Геда всегда утверждал, что зимы в Белграде во времена его студенчества были куда холоднее полярных. Белые медведи тогда бежали из Белградского зоопарка в Сибирь, чтобы немного согреться. По сравнению с девичьей светелкой в квартире госпожи Зоры Гргич, по Душановой улице, любой зимний норвежский пейзаж выглядит, как теплый уголок, шутил он. Комнатка обогревалась из кухни, где топилась углем маленькая печка, при этом госпожа Зора экономила так, словно кидала в печь бриллиантовые кольца, а не уголь.
В отличие от экзаменов в Праге, к которым он готовился с радостью и большими амбициями, здесь он зубрил, словно мешки таскал, заботясь единственно о том, чтобы как можно скорее все это закончилось. Не так много было вещей, которые его по-настоящему интересовали в обширном материале, но все это надо было прочитать и запомнить.

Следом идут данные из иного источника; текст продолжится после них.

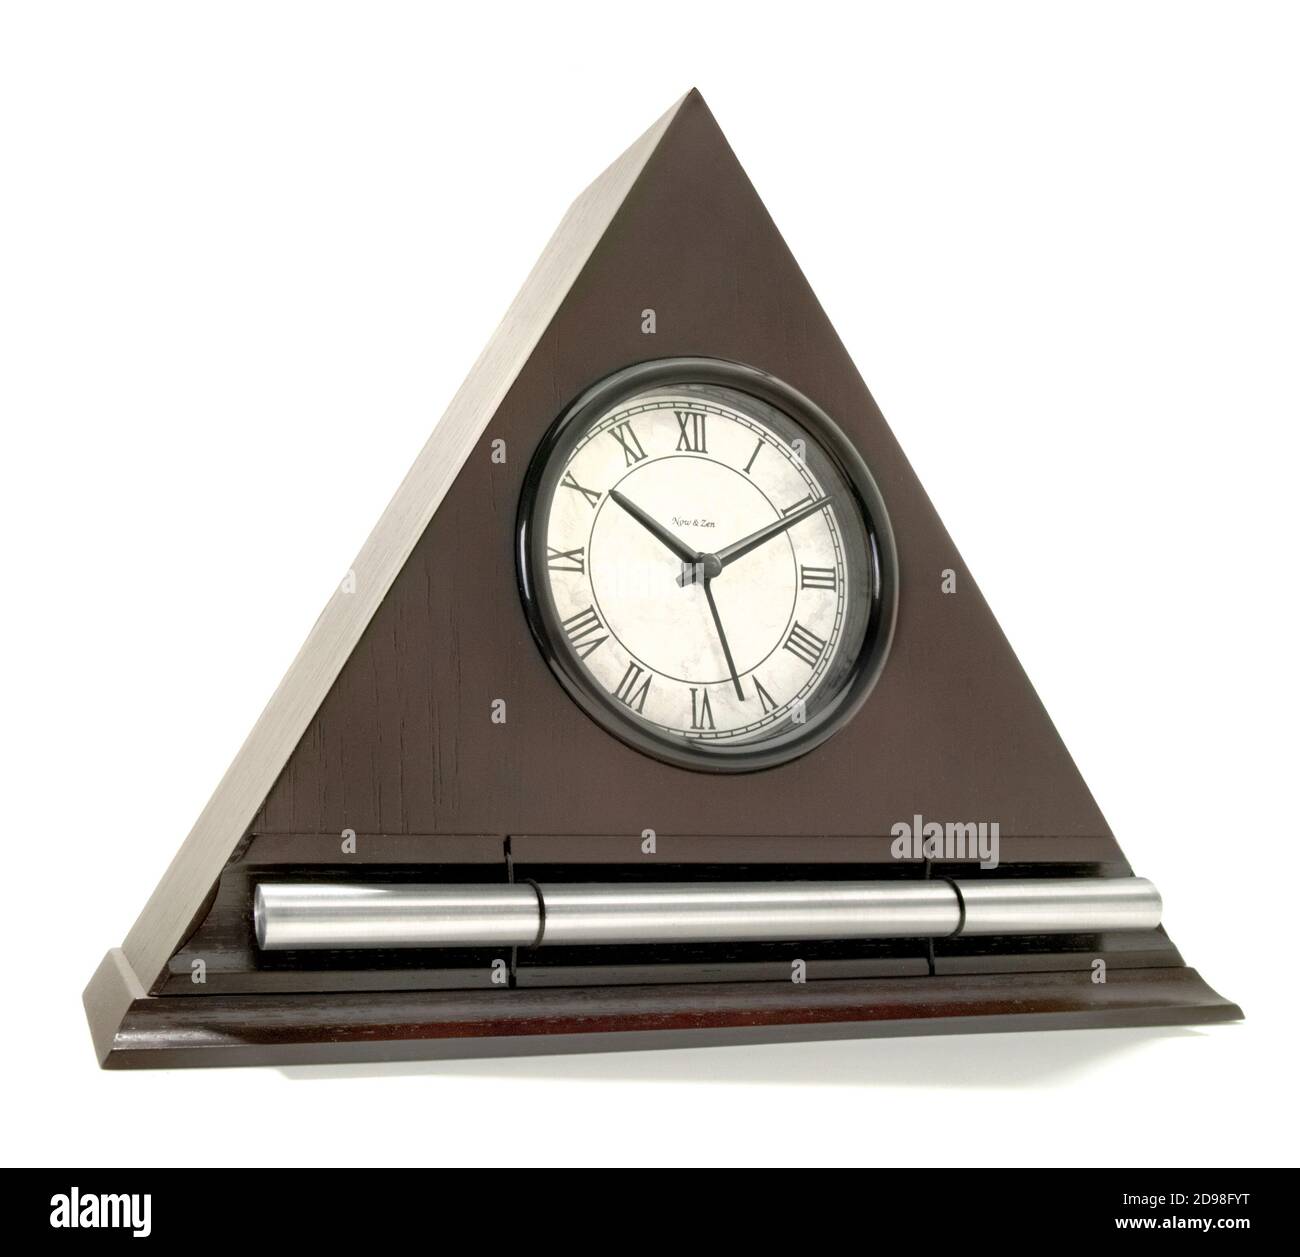 Réveil Zen analogique en forme de triangle photographié sur fond blanc  Photo Stock - Alamy

Ему стоило огромного труда и усилий оставаться в стороне от разного рода политической деятельности, которой всегда несколько остерегался. Это область, в которой он ничего не понимал и не хотел понимать, а, что важнее всего, ни к чему из того, что проповедовалось, он не испытывал ни малейшего доверия. Опыт допросов превратил его в подозрительного и осмотрительного человека.
Это было не то учение, как он его себе представлял, и не те науки, в которых он находил много смысла, но и это закончилось. Получение диплома юридического факультета было отмечено в доме Волни, как огромная победа. И действительно, на пути к ней Геда преодолел множество препятствий, но принял ее без радости и без какого-либо ощущения триумфа.
Потом он отслужил в армии, сначала полгода в Вировитице, а остаток – в Пироте. Родителям он запретил его навещать. Не хочу, чтобы обо мне думали, как о маменькином сынке, объяснил он. Вернулся домой и поступил на работу в Водное содружество, что считал лишь вынужденной мерой, пока не найдет чего-нибудь лучше. Это место, тем не менее, имело и свои плюсы. Со временем даже оказалось, что оно полностью ему подходит. Поскольку он был юристом и переводчиком, то часто ездил в командировки в разные придунайские города, а оттуда и дальше, в Европу. Ходил по антикварным лавкам, музеям, комиссионкам, аукционам и перекупщикам в поисках предметов для своей коллекции, и все это намного раньше, чем наши границы стали доступными для неограниченного количества частных поездок. Так как учреждение было довольно скромное, в нем работали спустя рукава и без особых волнений. Мы в углу, не мешаем никому, говорил их директор Маливук. Так и было на самом деле. У Геды сложились прекрасные отношения с десятком остальных служащих, хотя за пределами конторы они и не общались, если не считать, что пару раз в год, на праздники, он приглашал их к себе домой. Те, кто осмеливался, приходили на славу, другие – на день рождения или какой-нибудь государственный праздник. Он показывал им коллекцию или только новые предметы, приобретенные недавно. Они же потом хвастались в городе, гордясь, как соучастники. У нас появились новые чудесные экземпляры, говорили они.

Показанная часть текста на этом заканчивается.